Dans la dernière année, ces petits hâves de paix ont été mon salut. Quand tu en as raz-le-bol d’être à la maison avec un bébé qui ne semble pas vouloir collaborer, les cafés amis des bébés sont très pratiques.

Les trois premiers mois, j’allais dans les cafés ordinaires avec la poussette. Bébé dormait paisiblement. Or, quand la bête commence à vouloir explorer son environnement, ça prend un peu plus d’espace adapté. Et c’est ce que les cafés maman-bébé m’ont donné, en plus d’en endroit pour trouver des activités et des trucs pour jouer avec mon bébé.

Dans la dernière année (et lorsque j’étais enceinte), j’ai vu deux cafés maman-bébé fermer et un changer de vocation. C’est pourquoi j’ai voulu comprendre pourquoi… La clé est dans la diversité des revenus, et même la recherche de subventions pour aide aux nouvelles mamans. Par contre, entre rentabilité et aide aux nouvelles mamans, le coeur des ces entrepreneures balance… Est-ce possible d’arriver à la rentabilité quand on a une mission de relation d’aide? C’est un autre débat mais qui mériterait une thèse de doctorat en économie!

Grâce à cet article, j’ai rencontré des mamans passionnées et passionnantes. Merci Amélie de Lilithéo, ton énergie et ta rationnalité sont inspirantes. Merci Sandra et Stéphanie de Parenthèses Montréal, j’aurais tellement aimé connaître votre café quelques mois auparavant! Votre confiance en votre droit de maman entrepreneure m’a particulièrement touché. Vous êtes dynamiques et contagieuses! Je suis ressortie de l’entrevue gonflée à bloc. Merci aussi aux entrevues téléphoniques: Naomi de Maman bébé café, April de La Tasse Gamine, Marie-Maude de Melons et Clémentines et Elise Tessier de Femmessor.

J’espère que vous aimerez cet article sur Openfile sur les cafés maman-bébé à Montréal. Non seulement c’était une assignation, mais ça aussi été un plaisir de parler à toutes ces mamans!

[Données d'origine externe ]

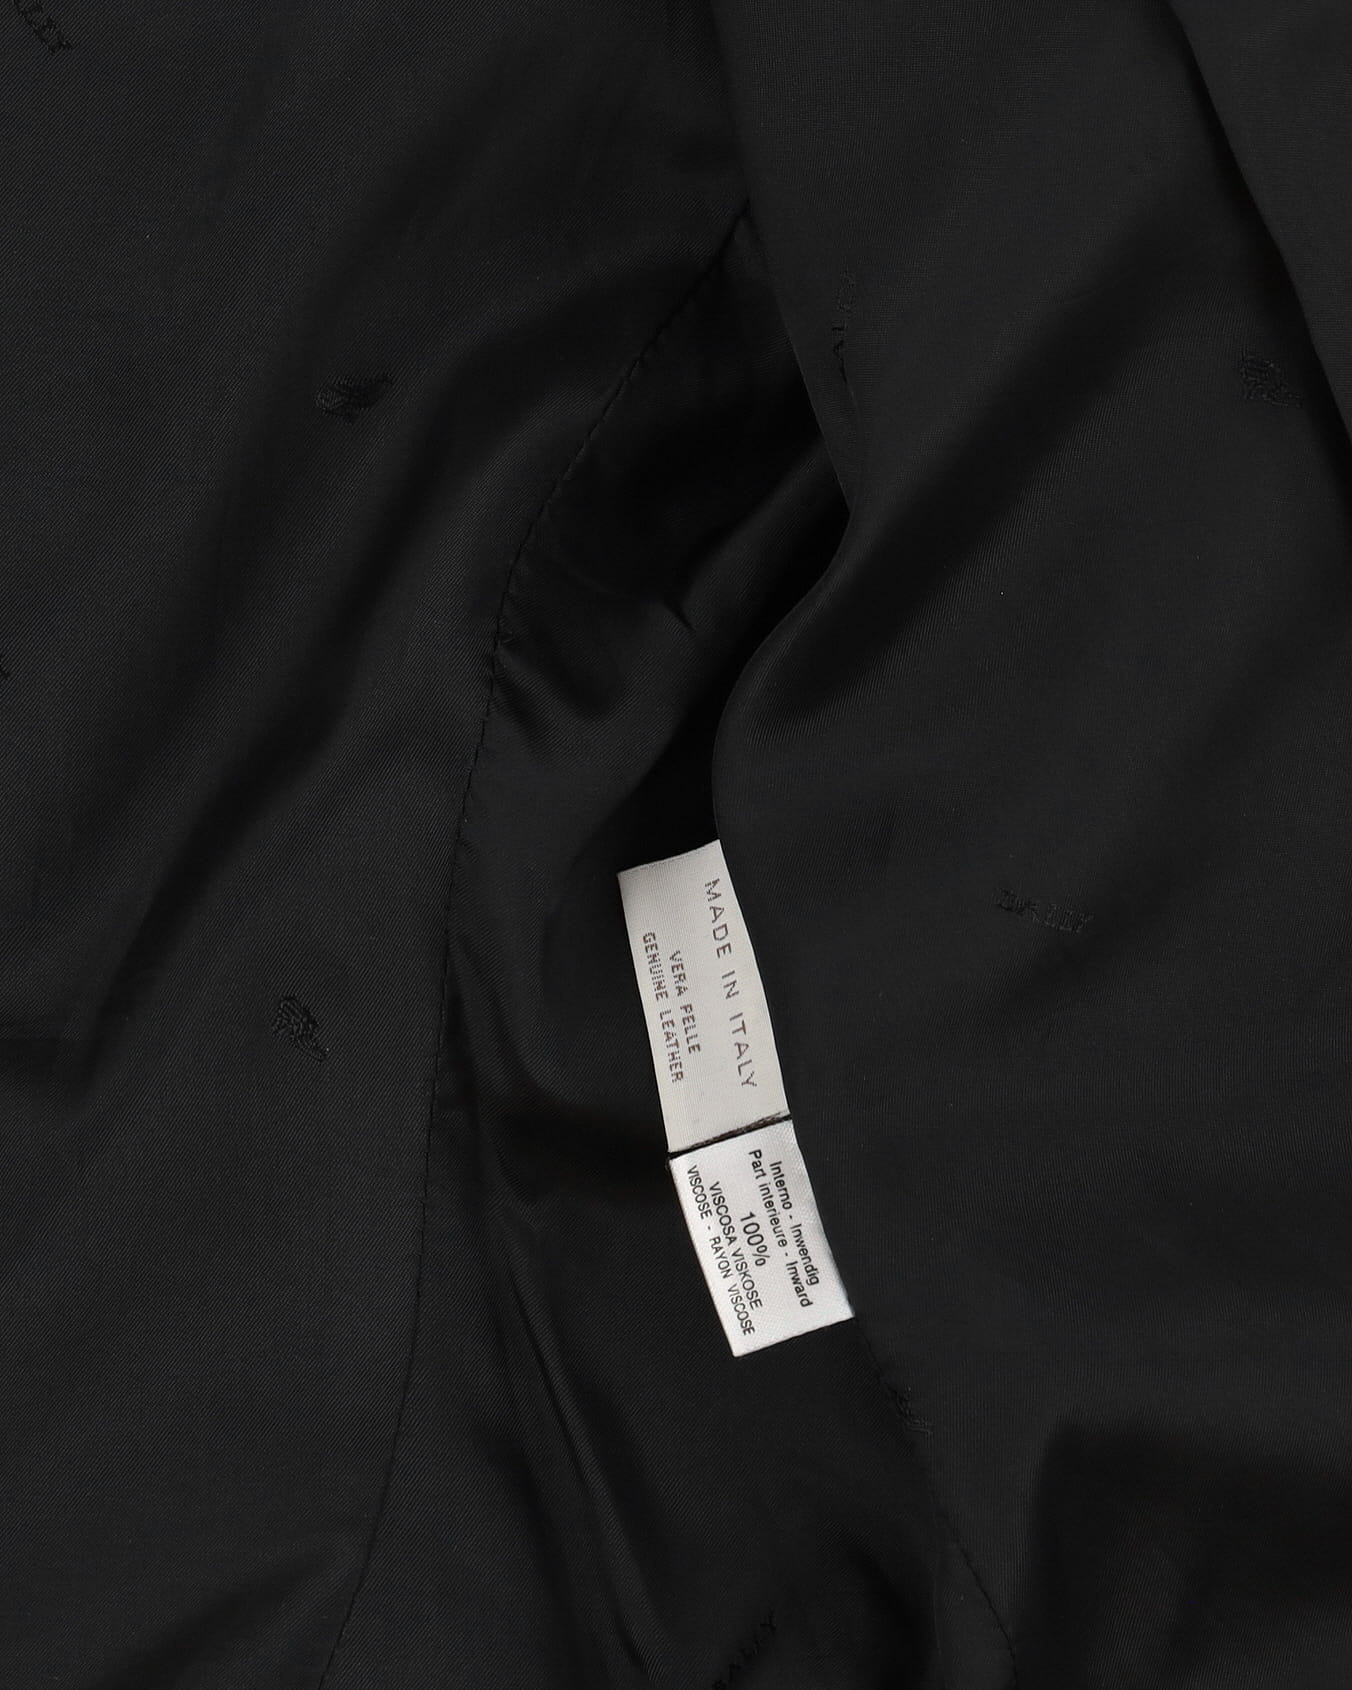 Bally Black Leather Jacket - S

Quand j’y pense, une personne a contribué largement à la sauvegarde de ma santé mentale pendant mon congé de maternité… mon amie Marie-Pier, et son petit Elliot, né deux jours après ma fille. L’hiver aurait été rudement plus froid sans toi! Merci d’avoir écouté, merci d’avoir été là, merci d’avoir été toi…

Retour au boulot

Voilà! Mon premier article depuis que je suis en congé de maternité a été publié hier.

C’est que j’ai recommencé à travailler à temps très partiel (lorsque bébé dort…).

Alors voici mon reportage sur l’Île-Dorval. Cette île tout près de la rive de Dorval, dans le lac Saint-Louis, est vraiment impressionnante. Je m’y suis rendue après de nombreux courriels envoyés à un résident qui tient un blogue à propos de l’île.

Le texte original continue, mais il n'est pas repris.